По правде говоря, Куяма всегда с пренебрежением относился к боевым искусствам. Сборище старых кретинов, вздумавших в конце двадцатого столетия размахивать самурайским мечом! Однако в случае с Дэмурой дело обстояло иначе: тот излучал чувство надежности. В его жизни было нечто постоянное, что жило вместе с ним и тенью сопровождало его повсюду, — некая незримая стороннему глазу внутренняя сила и неколебимый покой, словно в старинной статуэтке Будды.
Бывшие коллеги обменялись ничего не значащими фразами. О погоде. О переезде на новую квартиру (насколько же она лучше и просторнее прежней!). О здоровье.
Хозяйка на подносиках, плетенных из бамбука, подала разогретые салфетки для рук, зеленый чай, крохотное печенье и с поклоном удалилась.
— Господин Кадзе шлет вам привет и желает доброго здоровья. — Куяма сидя изобразил легкий поклон и улыбнулся.
«Парень постепенно отказывается от своих американских привычек», — с грустью подумал Дэмура. Изобразив ответный поклон, старик в свою очередь улыбнулся.
— Большая честь, что он помнит обо мне.
— Господин Кадзе просит вас вступить в общество «Зеленое поле, голубое небо».
Дэмура не отвечал. Лицо его стало похожим на старинную маску.
— Вам ничего не требуется делать, только смотреть в оба.
Глаза Дэмуры медленно сузились в щелочки, словно старик погружался в дремоту. Однако Куяма не купился на этот трюк.
— Полагаю, вы слышали о самоубийстве Ямаоки.
Дэмура кивнул. Он видел репортаж по телевидению.

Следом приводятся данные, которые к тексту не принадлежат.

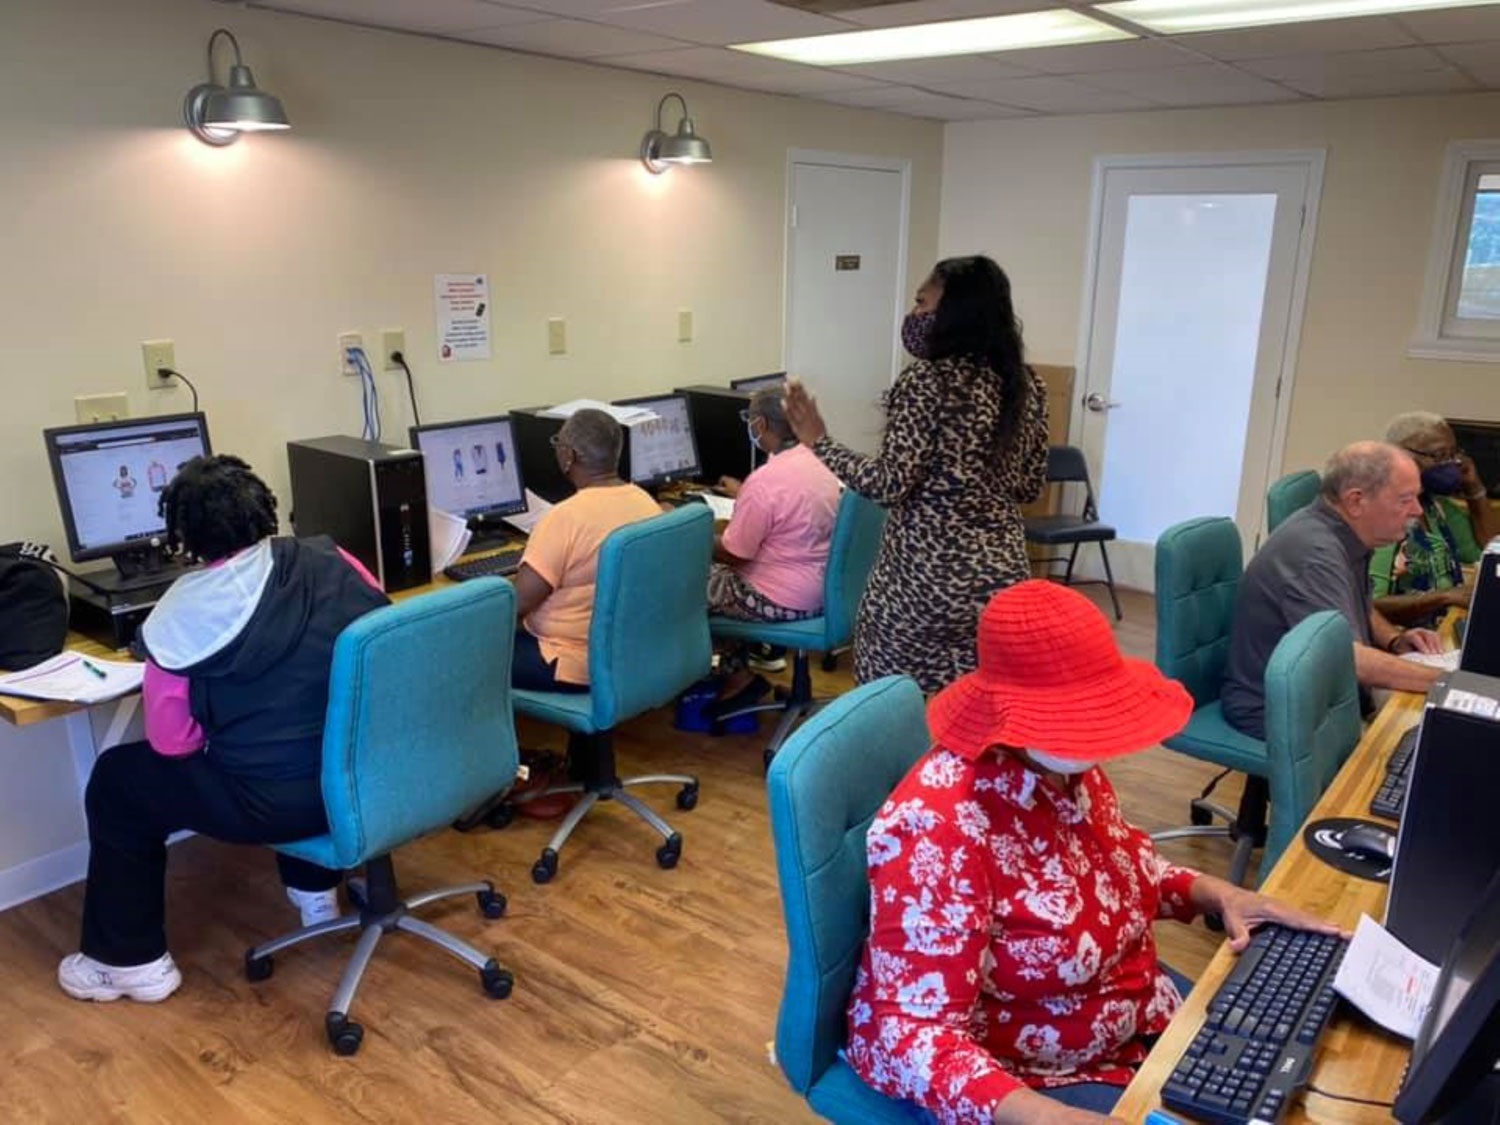 Ja’queta Pugh-Stevenson teaches a computer readiness class at the Hertford County Department of Aging senior center in Winton.

Видел толпу, собравшуюся у Мэрин энд Трэвел Сентр Билдинг, видел министра внутренних дел и самого господина Кадзе, торопливо входившего в здание. Уже в тот момент кое-что показалось ему странным: ведь персонал Ямаоки должен был поставить в известность о случившемся в первую очередь министра.
— Надо бы дознаться, кто подбивает этих людей на самоубийство. Кто решает, когда и в какой очередности они должны идти на смерть. Кто выступает в роли секунданта и один ли он или же их несколько?
Дэмура кивнул. Восемь самоубийств за каких-то полгода. Для города с десятимиллионным населением эта цифра была бы не так уж велика. Но восемь харакири, совершенных по всем традиционным правилам бизнесменами, политиками, журналистами… Пресса изо дня в день печатала материалы об этой загадочной серии самоубийств. Все восемь жертв были членами общества «Зеленое-голубое». Первый — Морими Симода — покончил с собой во время строительства атомной электростанции в Цукубе. Газеты были полны сообщений об этом событии, а телевидение посвятило ему времени больше, чем рекламе пива «Саппоро». Родители Симоды погибли в Хиросиме, а сам он спасся благодаря тому, что гостил у родственников в провинции. Затем он окончил Токийский университет и стал самостоятельным предпринимателем. В 1980 году вступил в только что созданное общество «Зеленое поле, голубое небо».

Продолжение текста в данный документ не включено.